Nouveau tollé sur la toile après un post controversé d’un parlementaire. Élu du mouvement El Bina d’Abdelkader Bengrina, parti d’obédience islamiste, le député Rachid Cherchar a annoncé son intention de proposer la suppression de la matière philosophie du Baccalauréat.
« Je vais demander la suppression de la matière philosophie du bac, qu’en pensez-vous ? Qu’attend-on, quel bénéfice tire-t-on de cette matière ? », s’est-il demandé sur Facebook.
Cette suggestion, qui intervient pendant de la tenue des épreuves du baccalauréat en Algérie (15-19 juin) -durant lesquelles de nombreux candidats se sont plaints de la difficulté du sujet de philosophie-a provoqué une vague d’indignation et de réactions critiques sur les réseaux sociaux.
« Le problème vient de nous, car nous avons pratiqué la politique de la « chaise vide », exploitée par ceux qui ne possèdent que stérilité intellectuelle, ignorance, haine, populisme et idéologie réactionnaire. Le problème vient de nous, car nous avons accepté d’être représentés par ceux qui manquent de culture, de projet civilisationnel et de vision sociétale et scientifique de l’avenir », a fustigé sur son compte Facebook l’enseignant universitaire Mahrez Bouiche.
Une autre polémique qui révèle le clivage idéologique
Allusion probablement au contexte géopolitique actuel, révélant le décalage entre les sociétés avancées sur le plan technologique et celles qui se morfondent dans des débats idéologiques, la journaliste Leila Bouzidi écrit : « L’histoire se répète et nous, musulmans, continuons de tourner en rond dans le même cycle d’ignorance, de populisme et d’arriération ».
« Il semble que le ministre de la Communication ait eu raison d’attaquer un parlementaire, le qualifiant d’ignorant. Pardonnez-nous si nous vous avions critiqué, Monsieur le Ministre (…) », tacle, pour sa part, le journaliste Raouf Harzallah.

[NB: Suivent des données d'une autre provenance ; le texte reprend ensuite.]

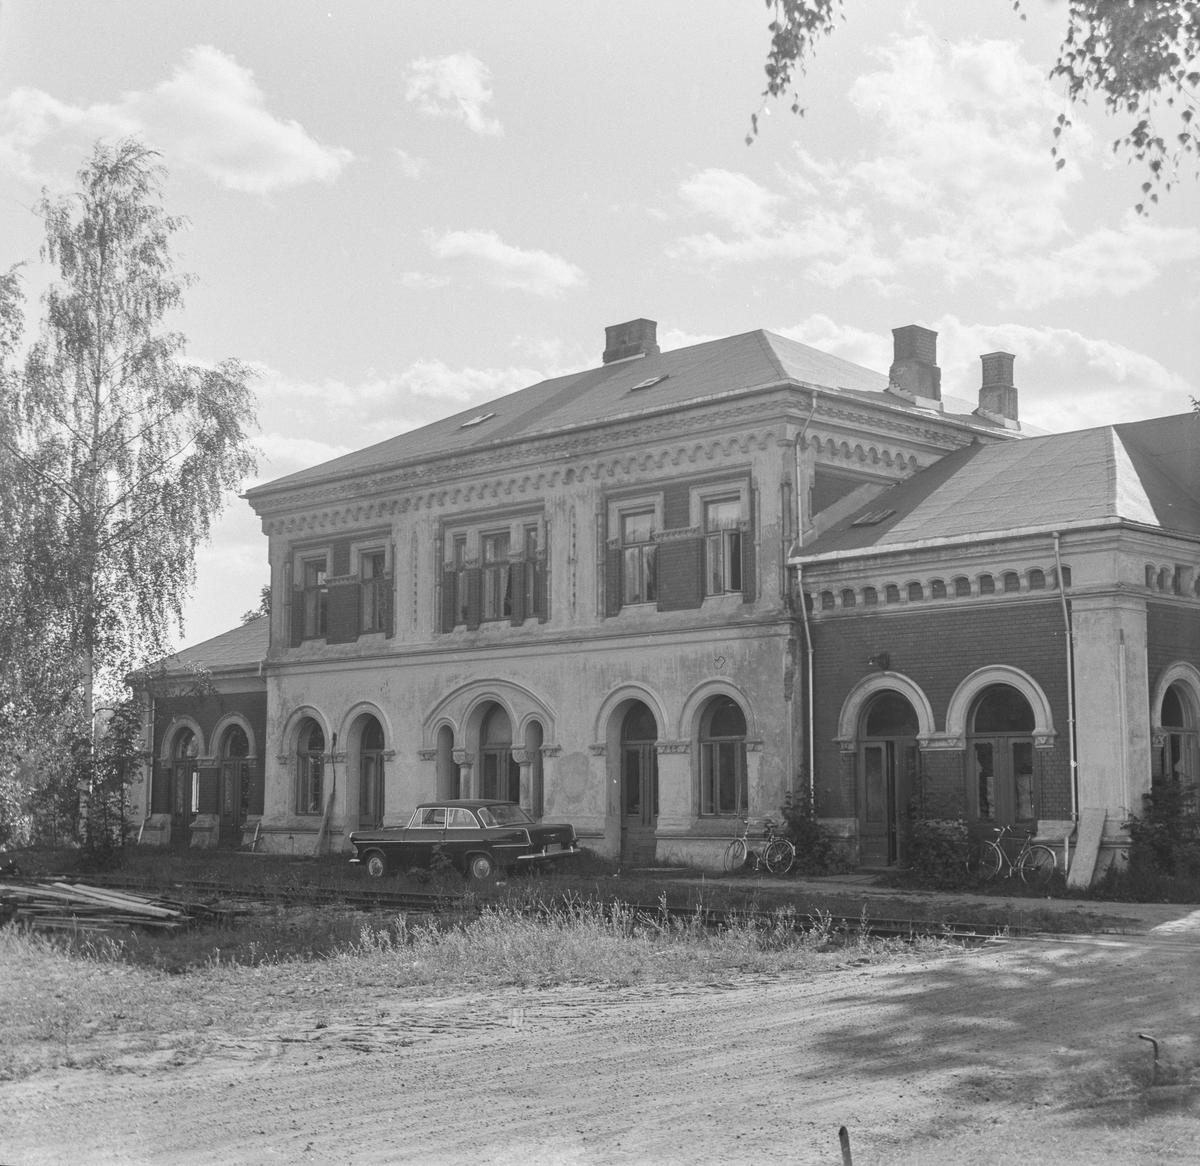 Kongsberg gamle stasjon. Kongsberg fikk ny stasjon i 1917 i forbindelse med byggingen av Sørlandsbanen, og linjen ble lagt om, utenom den opprinnelige stasjonen.
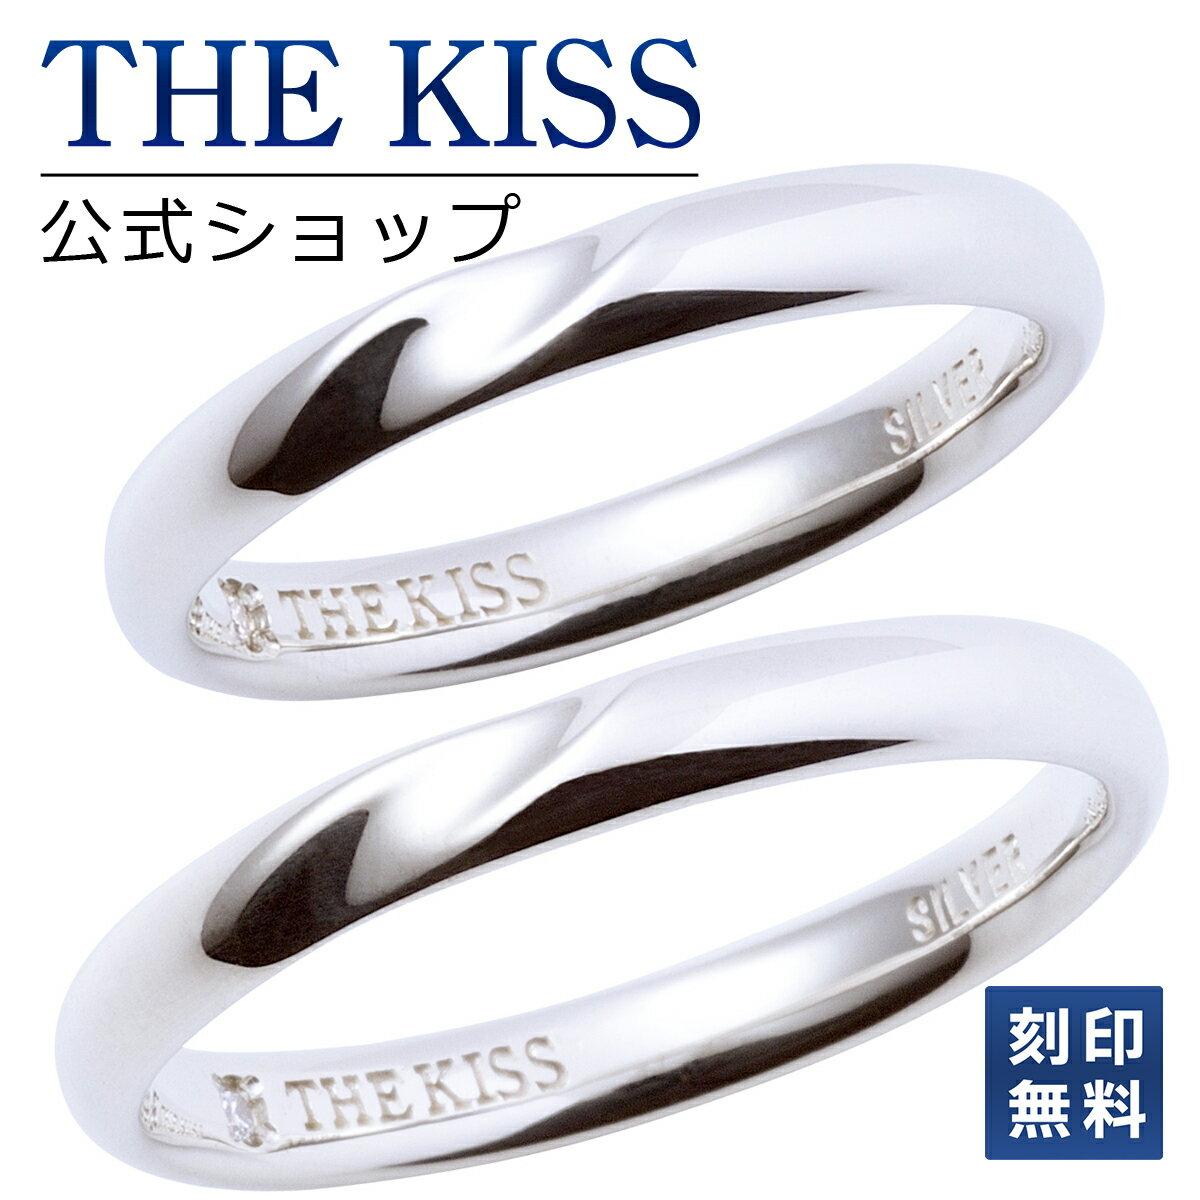 【あす楽対応】THE KISS 公式サイト シルバー ペアリング ダイヤモンド ペアアクセサリー カップル に 人気 の ジュエリーブランド THEKISS ペア リング・指輪 記念日 プレゼント SR1543DM-P セット シンプル ザキス 【送料無料】

Ce dernier établit un parallèle avec la récente polémique entre le ministre de la Communication, Mohamed Meziane, et un autre député islamiste du MSP, Abdesslam Bachagha, qui avait vivement critiqué la couverture médiatique de l’affaire Mohamed Belghit.
Début mai, sur le plateau d’un chaîne TV émiratie et dans un contexte de tensions entre l’Algérie et les Emirats arabes unis, l’historien, aujourd’hui incarcéré, avait accusé tamazight d’être une création « franco-sioniste ».
En réaction à cette sortie qui avait fait grand bruit en Algérie, la Télévision algérienne avait traité Mohamed El Amine Belghit de « marchand d’idéologie » et les Emirats de « micro-Etat artificiel ».
Dans cette affaire, le député du MSP avait reproché aux médias publics, qualifiés de « tribunaux médiatiques », leur traitement, provoquant une réaction virulente du ministre Mohamed Meziane. Ce dernier avait fustigé les « propos déplacés » du parlementaire et son ignorance des mécanismes institutionnels.
Le ministre avait défendu la télévision publique comme simple « relais d’informations judiciaires », dénonçant une « vision erronée et populiste du rôle » de ce député.
Le député s’explique et se défend
Face à la polémique, Rachid Cherchar s’est expliqué sur le même réseau social. « Quant à ceux qui croient que nous sommes contre la philosophie en tant que science ou pensée, il semble qu’ils aient mal compris ou n’aient pas pris en compte l’intention du message incluant le terme « sujet ». Autrement, aucune personne sensée ne pourrait même dire à un intellectuel, un universitaire ou un chercheur que nous, représentants du peuple et hommes politiques, sommes contre la philosophie », a-t-il dit.
Le parlementaire estime que les programmes d’enseignement de la philosophie en Algérie ont en fait une « matière de bachotage, obligeant les élèves à mémoriser des dizaines d’articles philosophiques afin de réussir divers examens, le plus important étant celui du baccalauréat ».
La nouvelle polémique autour de la philosophie révèle, en creux, un affrontement entre deux conceptions de l’éducation et de la société. D’un côté, ceux qui prônent une formation intellectuelle ouverte, tournée vers le questionnement critique et la pensée complexe. De l’autre, la tendance, essentiellement issue du milieu islamo-conservateur, qui voit dans la philosophie une matière subversive susceptible de remettre en cause leur idéologie.
Mais au-delà de cette controverse ponctuelle, elle soulève la question sur le niveau intellectuel de certains représentants de la nation, prisonniers de dogmes idéologiques, à un moment où le pays, en pleine mutation, a plus que jamais besoin de citoyens formés à l’esprit critique — clé de la réussite, de l’innovation et de la modernisation. Un impératif national pour espérer rivaliser avec les nations les plus avancées.